The principle motivation behind introducing ACID tables in Hive is to address following situations:
- Streaming Data Ingestion to Hive tables with frequent updates and insert data, enabling readers to get consistent view of data.
- To counter too many small files.
- Slowing changing functionality to Hive table.
- Bulk Updates using SQL Merge.
Please note that ACID tables still doesn’t bolster commit and rollback. Only ORC file format is supported. Tables must be bucketed in order to utilize this feature.
In an “ACID” enabled table, data is stored as a set of base files. New records, updates, and deletes are stored as delta files. For each transactions a new set of delta files are created.When reading the data from table, the reader blends the base and delta records, applying any updates and deletes as it reads.
Having so many delta/small files can lead to performance issues, this can be addressed by utilizing the compaction process which combines the delta files. Compaction is explained in the later part of this subject.
Defining Acid enabled Tables
To define an ACID enabled table in Hive use the accompanying configuration parameters,
Set hive.enforce.bucketing=true
Set hive.exec.dynamic.partition.mode= nonstrict
Set hive.support.concurrency=true
and set the “transactional”=”true” table property on HIVE DDL query which enables the ACID features on Hive table.
CREATE TABLE IF NOT EXISTS orders (id bigint,
customer_id string,
customer_name string,
product_id int,
product_name string,
product_price decimal(12,2),
quantity int,
src_update_ts timestamp,
src_file string,
ingestion_ts timestamp)
PARTITIONED BY (order_date date)
CLUSTERED BY (id) INTO 10 BUCKETS STORED AS ORC
LOCATION '/user/dks/datalake/orders_acid';
TBLPROPERTIES ("transactional"="true")
Step 3: Ingestion
The following query can be used to perform insert/update or delete based on the requirements.
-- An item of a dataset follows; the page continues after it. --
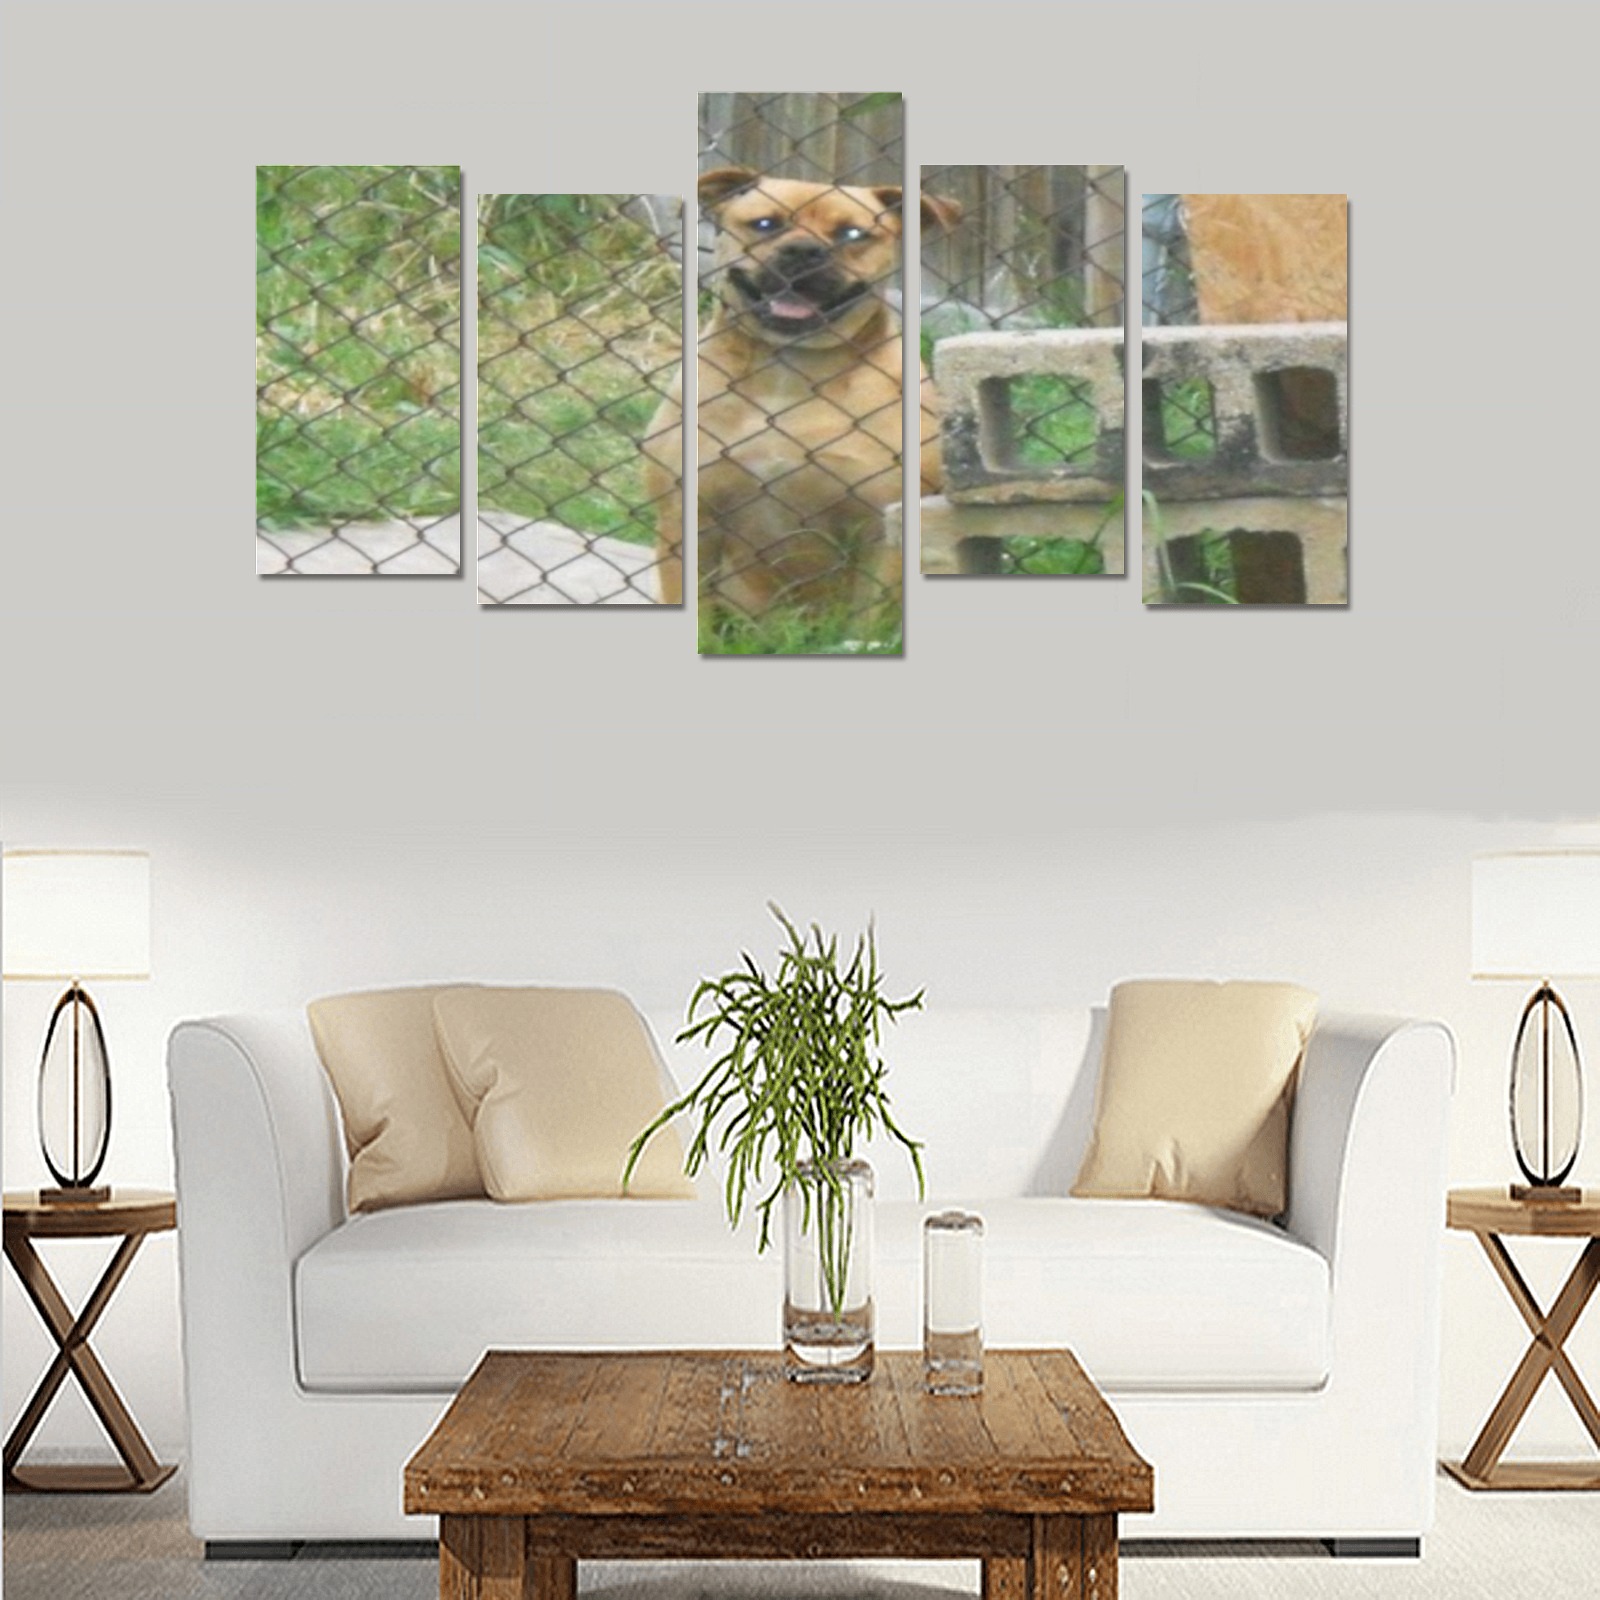 A Smiling Dog Canvas Print Sets E (No Frame)

with new_data_stg as (select * from orders_stg)
MERGE INTO orders AS T
USING new_data_stg AS S
ON T.ID = S.ID and T.order_date = S.order_date
WHEN MATCHED AND (T.quantity != S.quantity AND S.quantity IS NOT NULL) THEN UPDATE SET quantity = S.quantity, src_update_ts = S.src_update_ts
WHEN MATCHED AND S.quantity IS NULL THEN DELETE
WHEN NOT MATCHED THEN INSERT VALUES (S.ID, S.customer_id, s.customer_name, s.product_id, s.product_name, s.product_price,quantity,src_update_ts,ingestion_ts, cast
(order_date as date));
As mentioned above the disadvantage with this approach is each time an update/insert or delete operation is performed on a partition or table, Hive creates delta files which results in huge number of small delta files. Which can hinder the performance while reading the data. To counter this, enable auto compactor option on the table so that Hive can perform major and minor compaction out of sight to combine small/delta files.
The revised query to enable compaction on the hive table:
CREATE TABLE IF NOT EXISTS orders (id bigint,
customer_id string,
customer_name string,
product_id int,
product_name string,
product_price decimal(12,2),
quantity int,
src_update_ts timestamp,
src_file string,
ingestion_ts timestamp)
PARTITIONED BY (order_date date)
CLUSTERED BY (id) INTO 10 BUCKETS STORED AS ORC
LOCATION '/user/dks/datalake/orders_acid';
TBLPROPERTIES ("transactional"="true",
"compactor.mapreduce.map.memory.mb"="3072", -- specify compaction map job properties
"compactorthreshold.hive.compactor.delta.num.threshold"="20", -- trigger minor compaction if there are more than 20 delta directories
"compactorthreshold.hive.compactor.delta.pct.threshold"="0.5" -- trigger major compaction if the ratio of size of delta files to -- size of base files is greater than 50%
);
Conclusion
So far we have covered various sorts of methods to perform incremental ingestion on Hive table and ACID enabled hive tables. As discussed, based on the criteria and requirement choose the suitable ingestion type.